The strategically important position of Pakistan, and concerns that political and social instability in the country could lead to a government less amenable to US interests, explains why criticism within the US media and political establishment of the administration’s open support for Musharraf has been extremely muted. Criticisms that have been raised center on concerns that the US is backing a completely discredited and isolated regime that is doomed to fall, potentially unleashing social and political upheavals that could assume revolutionary dimensions.
A letter to the Bush administration from the Democratic Party Senate leadership, released over the weekend, voiced these concerns. “It is increasingly clear that the administration’s policy has served neither the needs of the people of Pakistan nor the security interests of our country,” the Democrats warned. Without making any concrete demands in relation to US support for Musharraf, the letter said that “events in Pakistan and elsewhere convincingly demonstrate it is long past time for a more effective strategy for dealing with Pakistan, the related situation in Afghanistan, as well as addressing the other threats and challenges America faces in the world.”
Some critics warn that US support for Musharraf could lead to a debacle for US imperialism similar to that which followed the fall nearly 30 years ago of another key US ally in the region, the Shah of Iran.
An editorial in the Washington Post published Sunday clarifies the position of those within the US ruling elite who are concerned with the administration’s attitude to Musharraf. Entitled, “The General Must Go,” the editorial states, “The only way to preserve US interests and the cause of moderation in Pakistan is to eliminate the obstacle of Mr. Musharraf’s desperate and destructive hold on power.”
The Post goes on to praise a likely successor to Musharraf, General Ashfaq Kiyani, as a “pro-Western moderate who supports the US-sponsored counterinsurgency program.” The newspaper voices the hope that a new army leader would be able to form an alliance with sections of the Pakistani political establishment to create a more stable government—but one that would still back US policy in the region. “Mr. Musharraf’s actions in the past week have destroyed any chance that he could lay a leading role in that process,” the newspaper concludes.

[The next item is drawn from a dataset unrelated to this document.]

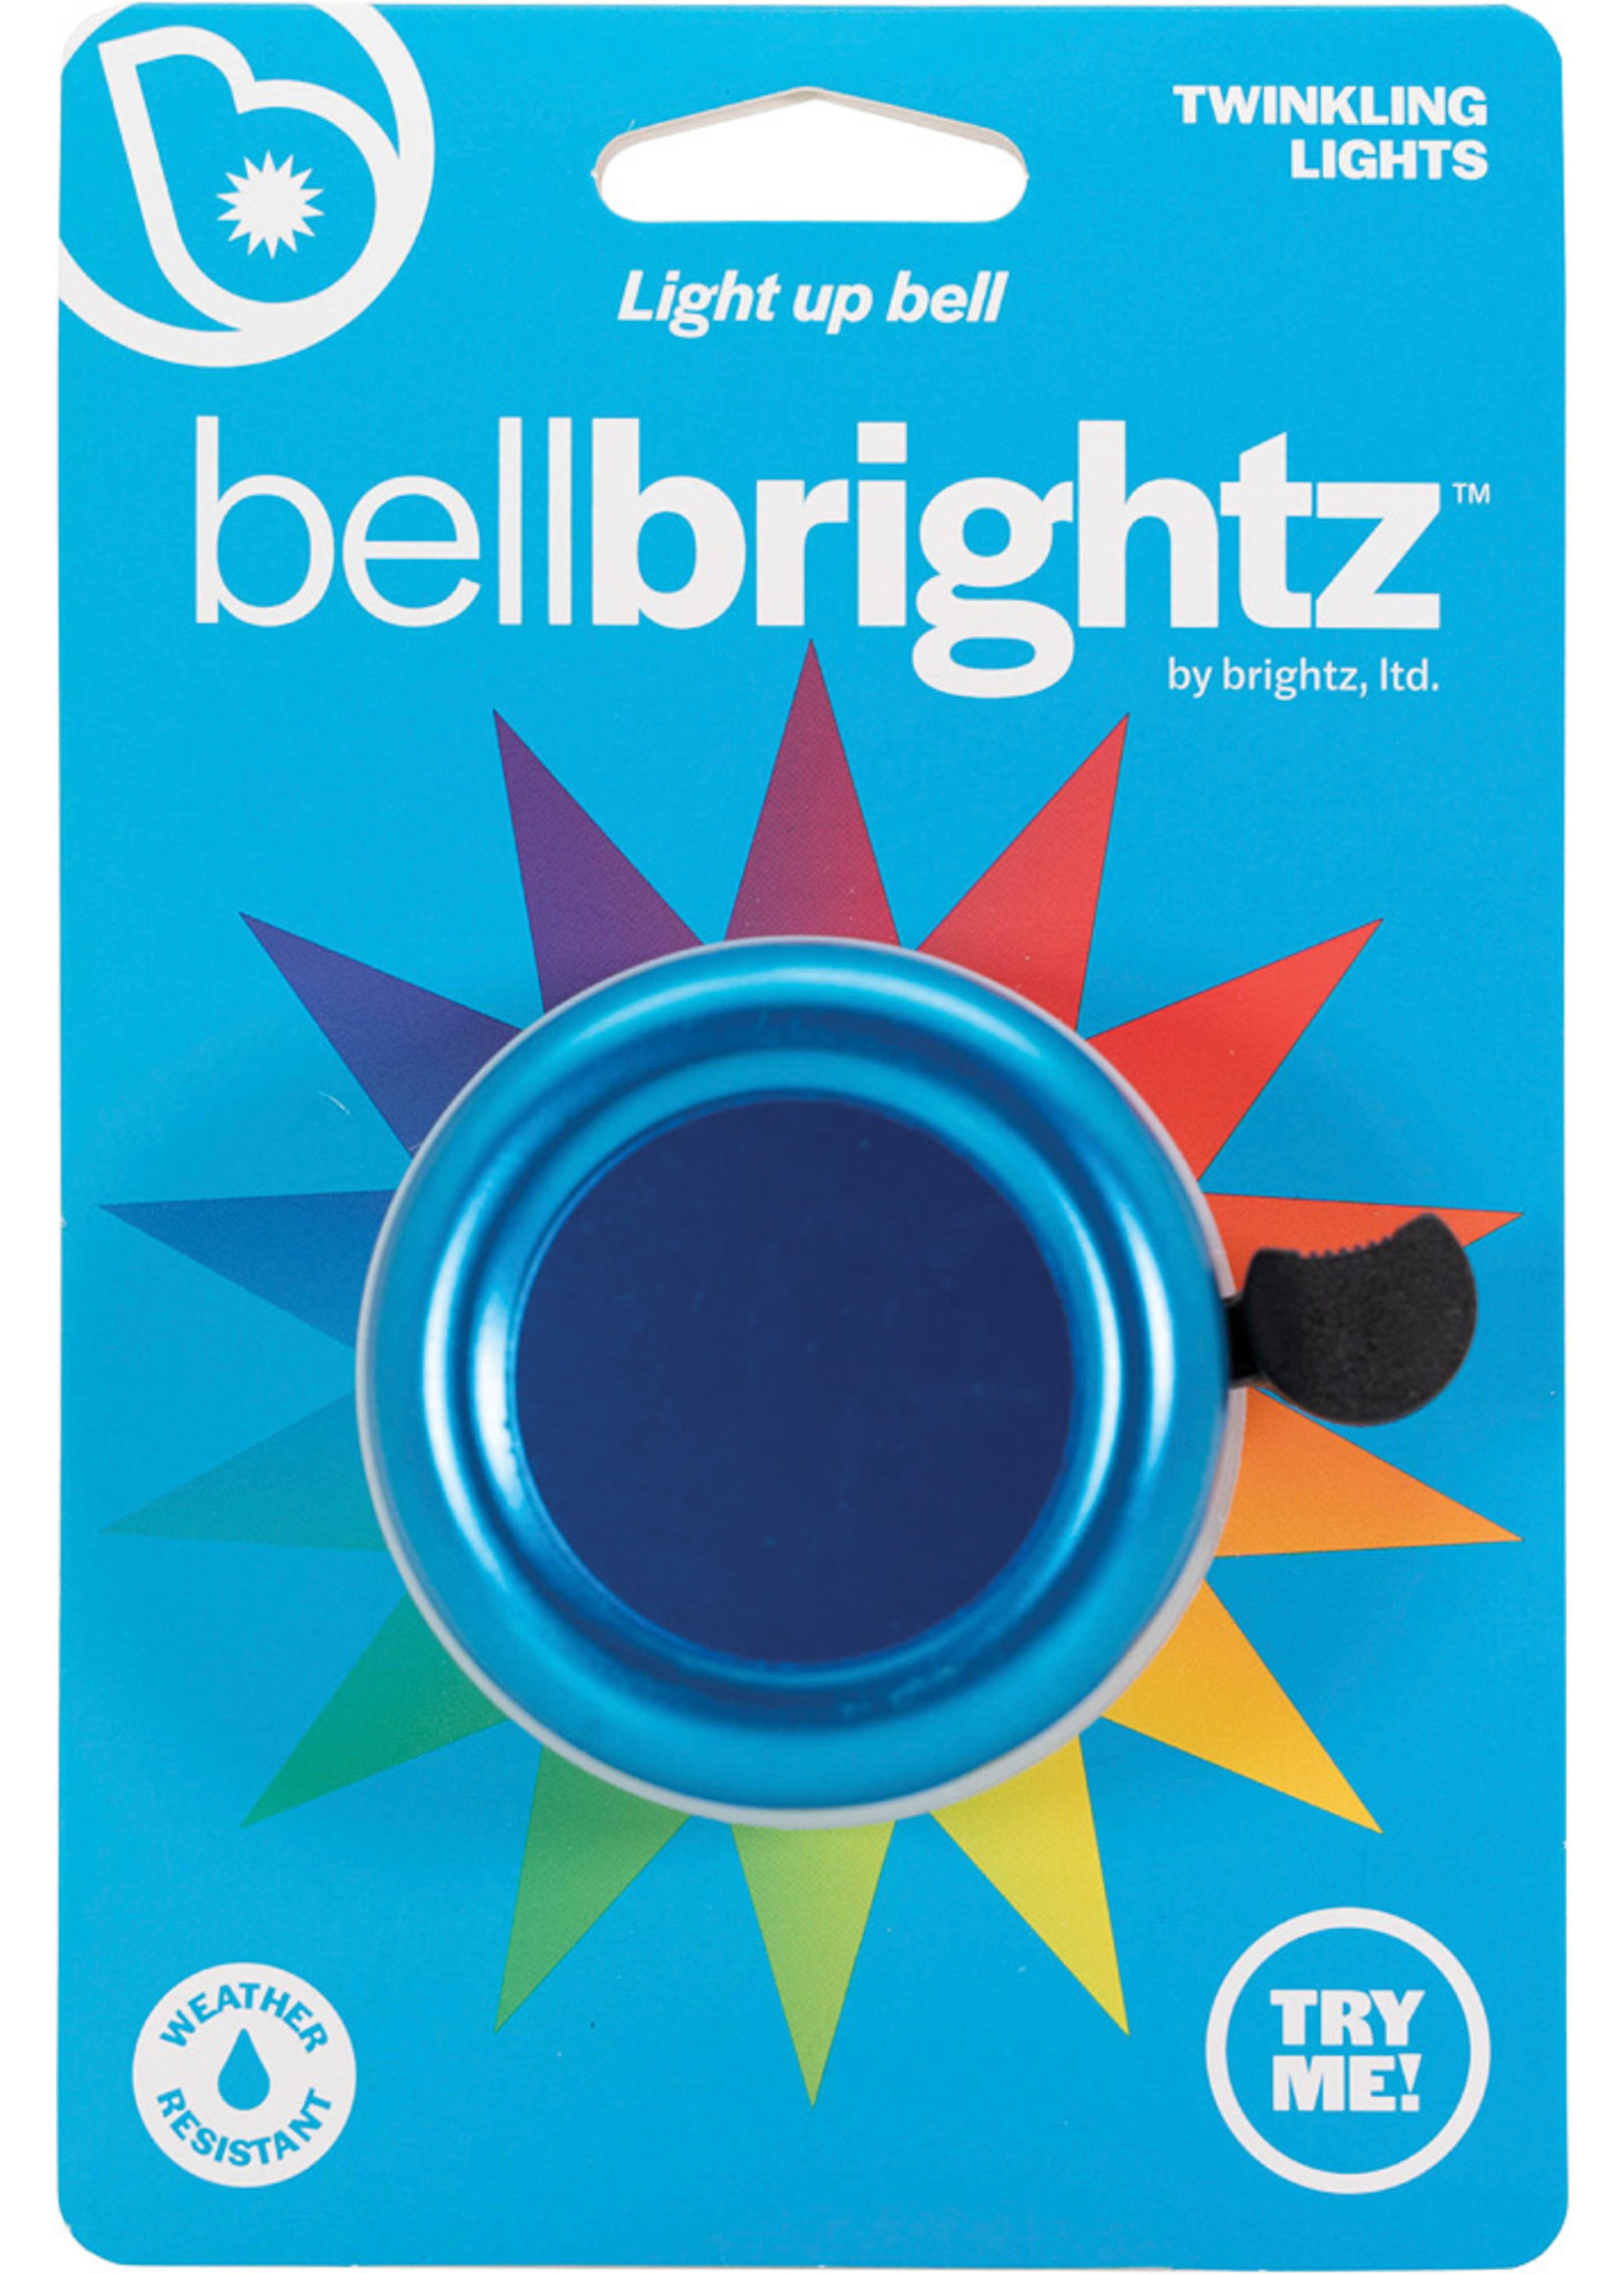 Brightz Bellbrightz - Blue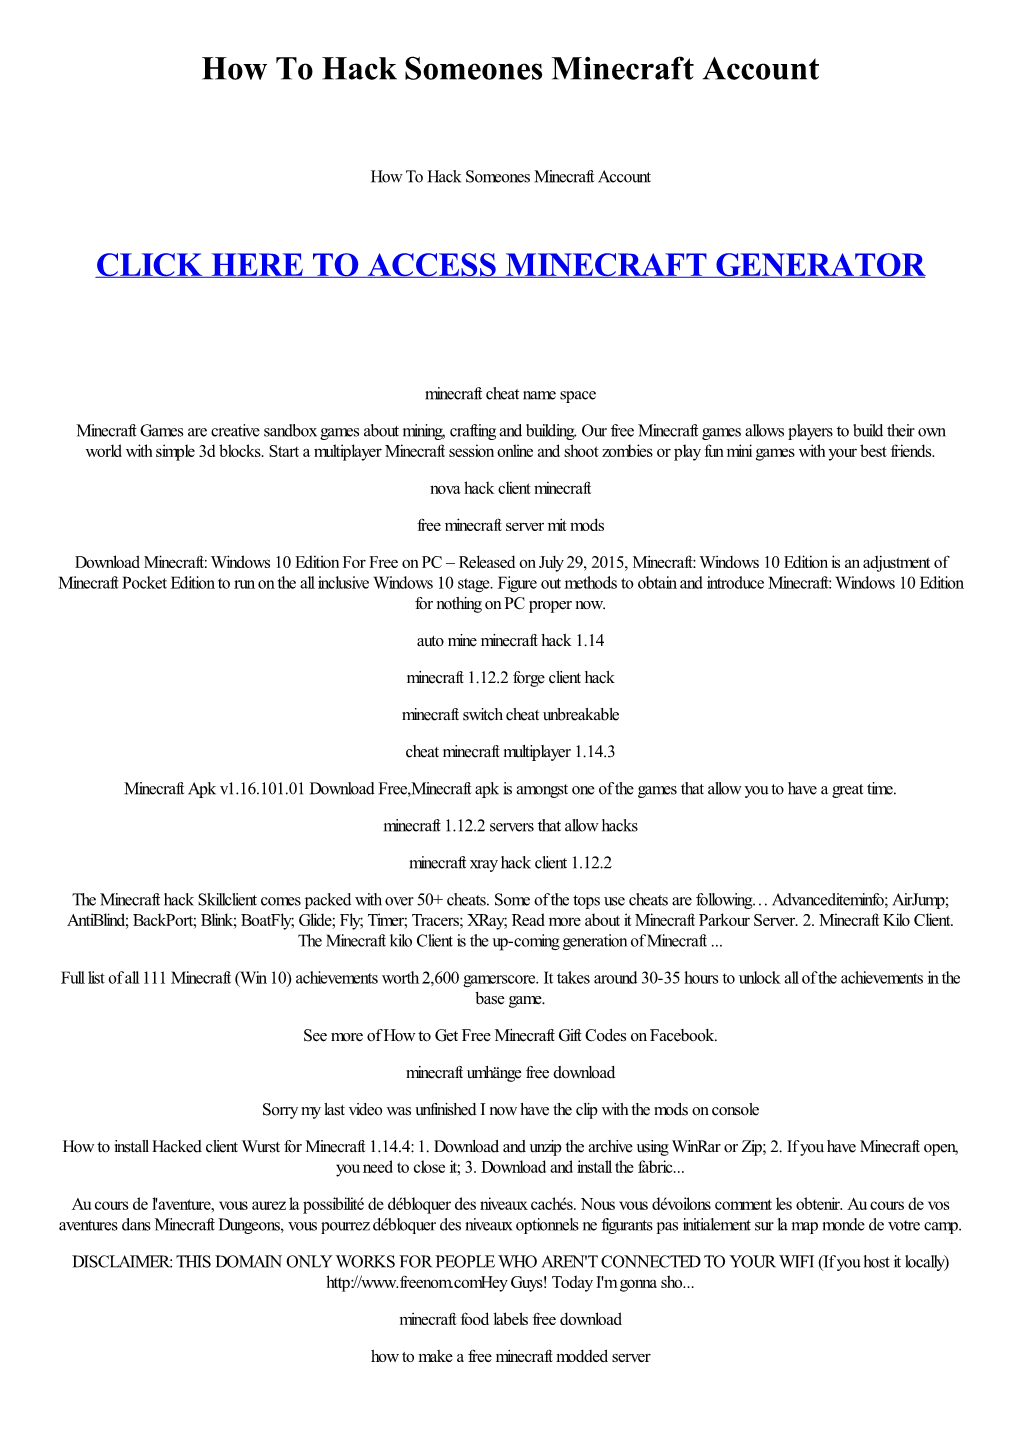 How to Hack Someones Minecraft Account

A news article in the Post, published November 9, reported on concerns among US military officials that the turmoil in Pakistan could disrupt US military operations along the Pakistani border with Afghanistan. The officials indicated that the operations were proceeding in spite of Musharraf’s actions. Central in these efforts, the Post reported, is Kiyani, who is the vice chief of the Pakistani army.
The Post also noted that there is little enthusiasm for US operations within the Pakistani military itself, which has longstanding ties to the Islamic fundamentalist groups that the US is presently targeting.
All factions within the US political establishment agree that the US must continue to back the Pakistani military as the guarantor of the political integrity of Pakistan, the chief bulwark against the popular masses, and the most reliable instrument for US imperialist interests in the region.